Он вышел на Дворянскую и направился к остановке. «Хвала тому, кому пришла в голову мысль пустить по городским маршрутам микроавтобусы! Пятнадцать минут страха, деньги водиле, и ты на месте!» – Егор поднял руку, и около него тут же остановился желтый автобусик. Всю дорогу до своего района он продремал, на мгновение приоткрывая глаза при резком торможении или на повороте.
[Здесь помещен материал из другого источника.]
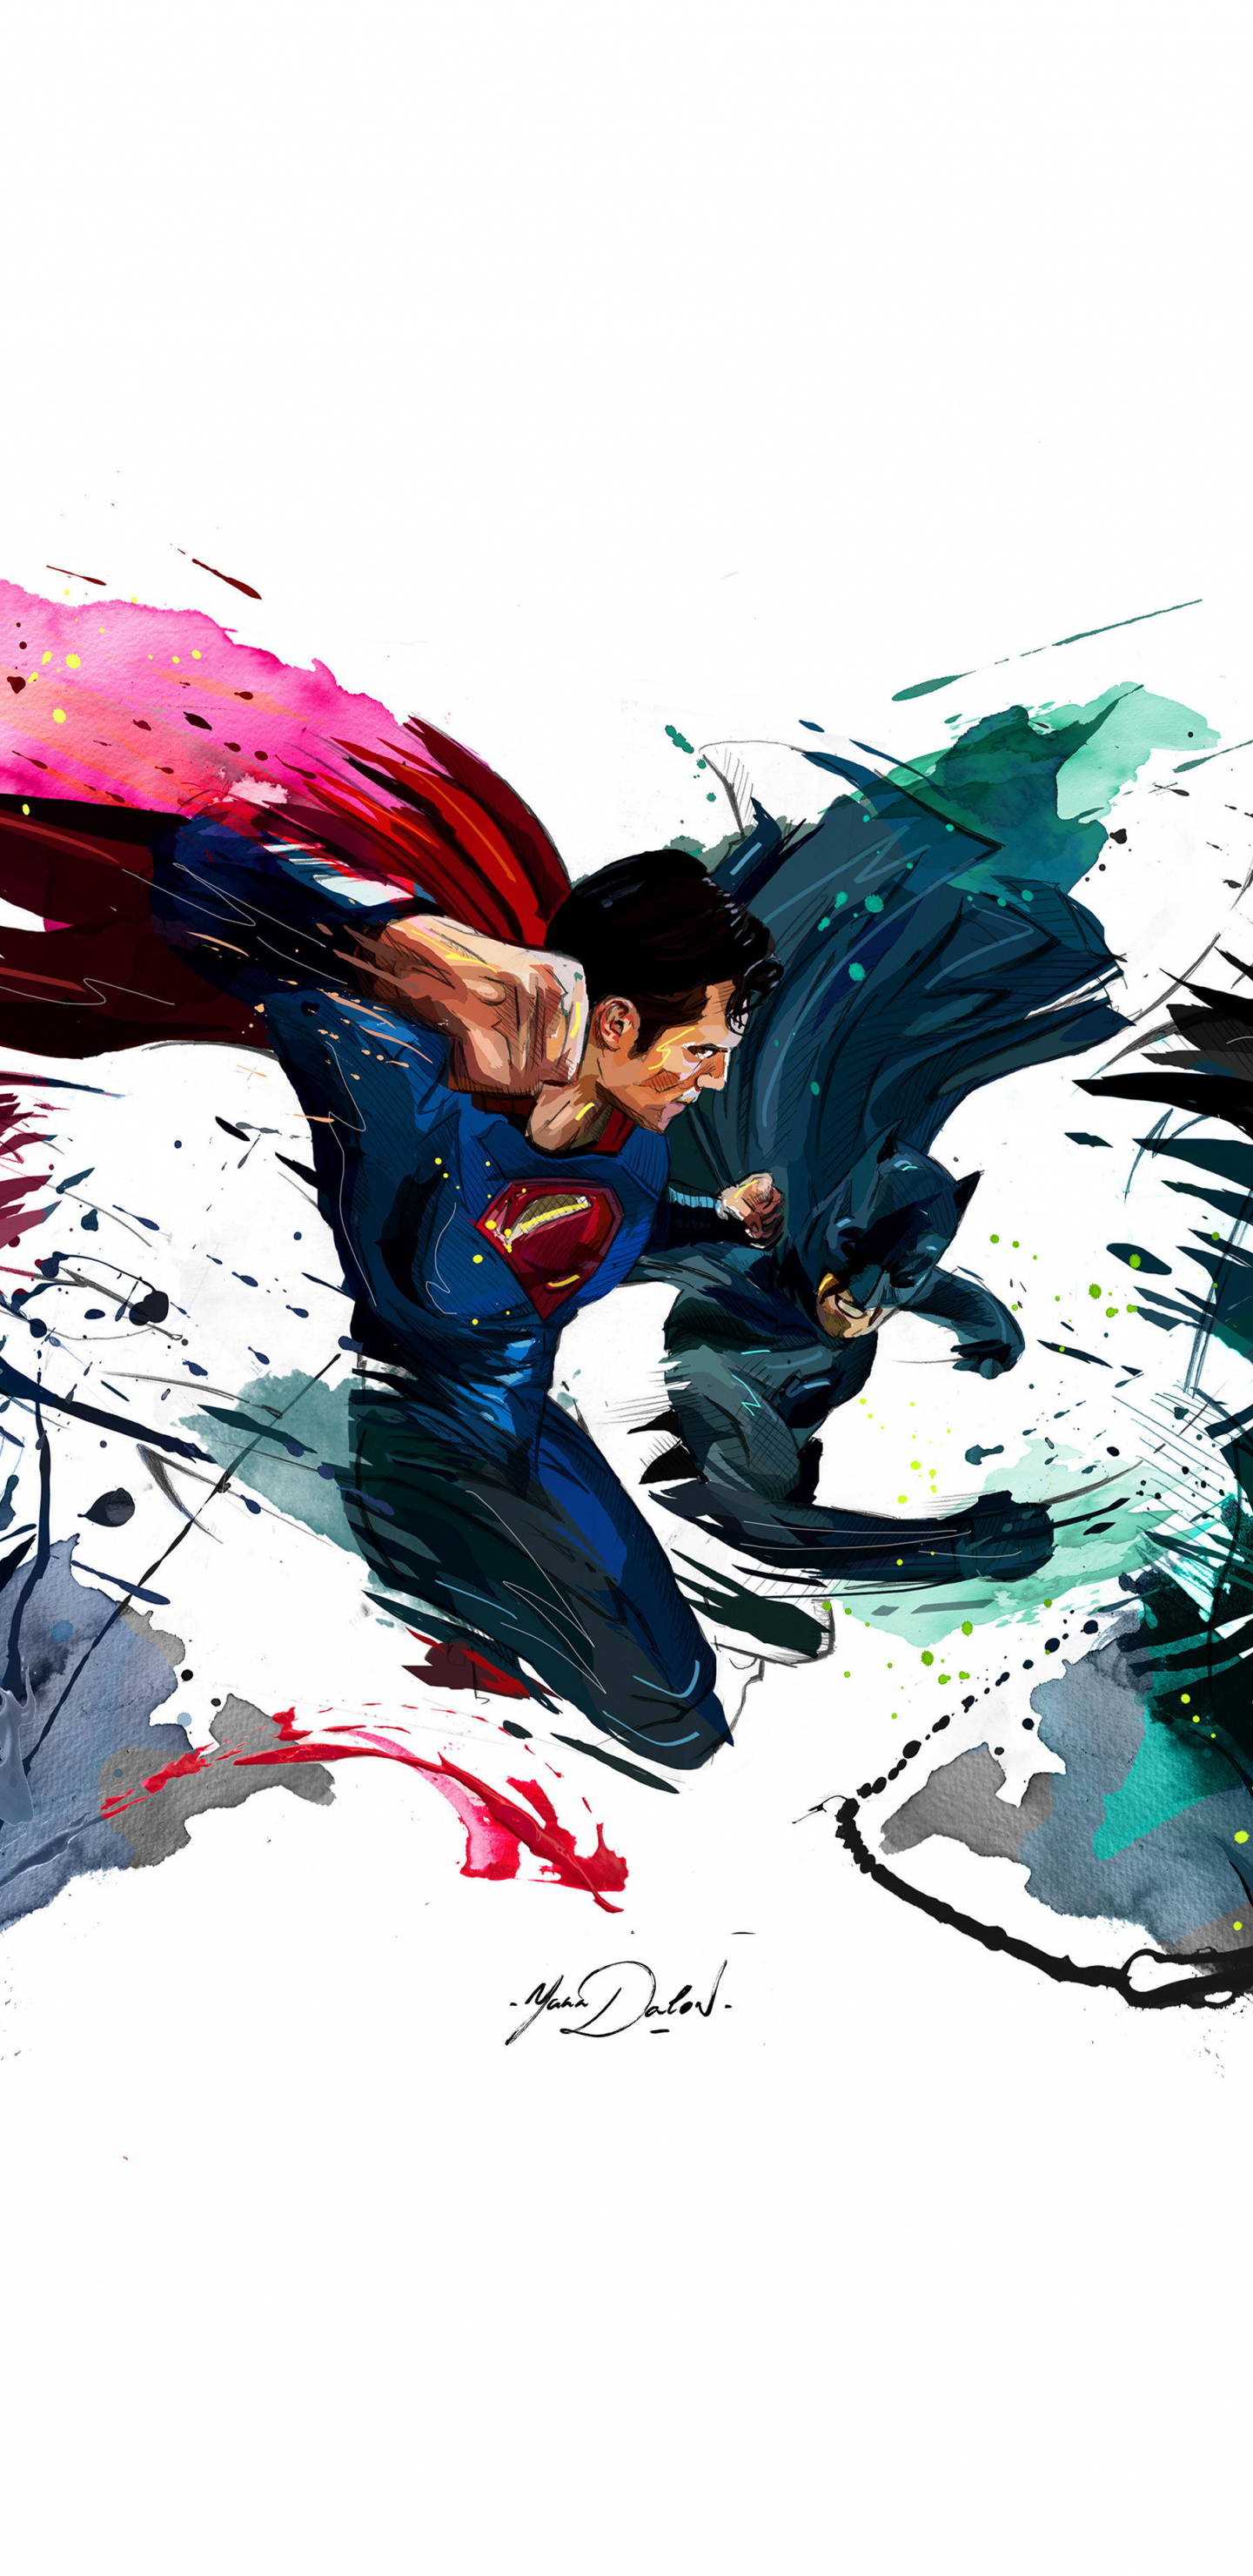 Batman vs superman, 4k, sketch artwork, 1440x2960 wallpaper

Когда Беркутов вошел в кабинет Кузьмина, тот что-то писал, низко наклонив голову к столу. Ткнув шариковой ручкой в направлении стула у противоположной стены, Кузьмин той же ручкой поскреб у себя в затылке.
– Как съездил?
Беркутов неопределенно пожал плечами.
– Вовремя успел. Эта ненормальная мамашка успела забрать девочку из больницы домой.
– Какая мамашка? Эй, ты не в курсе, что я не в курсе?
– Прости. Галина Голованова. Мать девочки, которая была рядом со мной во время взрыва в переходе метро. Девочка хорошо рассмотрела парня со свертком. К тому же она студентка и плюс промоутер.
– Теперь все ясно. – Кузьмин насмешливо посмотрел на Беркутова. – Знаю я, что ты не краснобай, но, похоже, обо всем остальном я должен догадаться сам?
Беркутов, рассказывая приятелю о Галине и ее дочери, невольно как бы проигрывал все встречи с ними еще раз. Кузе он мог рассказать все. Несмотря на свою грубоватую манеру разговаривать с людьми, Сашка был для Беркутова, да и не только для него, кем-то вроде личного психоаналитика. Еще в Чечне ребята, обиженные на Беркутова, шли к Кузьмину на исповедь. И тот всегда возвращал их «в строй», объясняя, что командир суров им же на пользу.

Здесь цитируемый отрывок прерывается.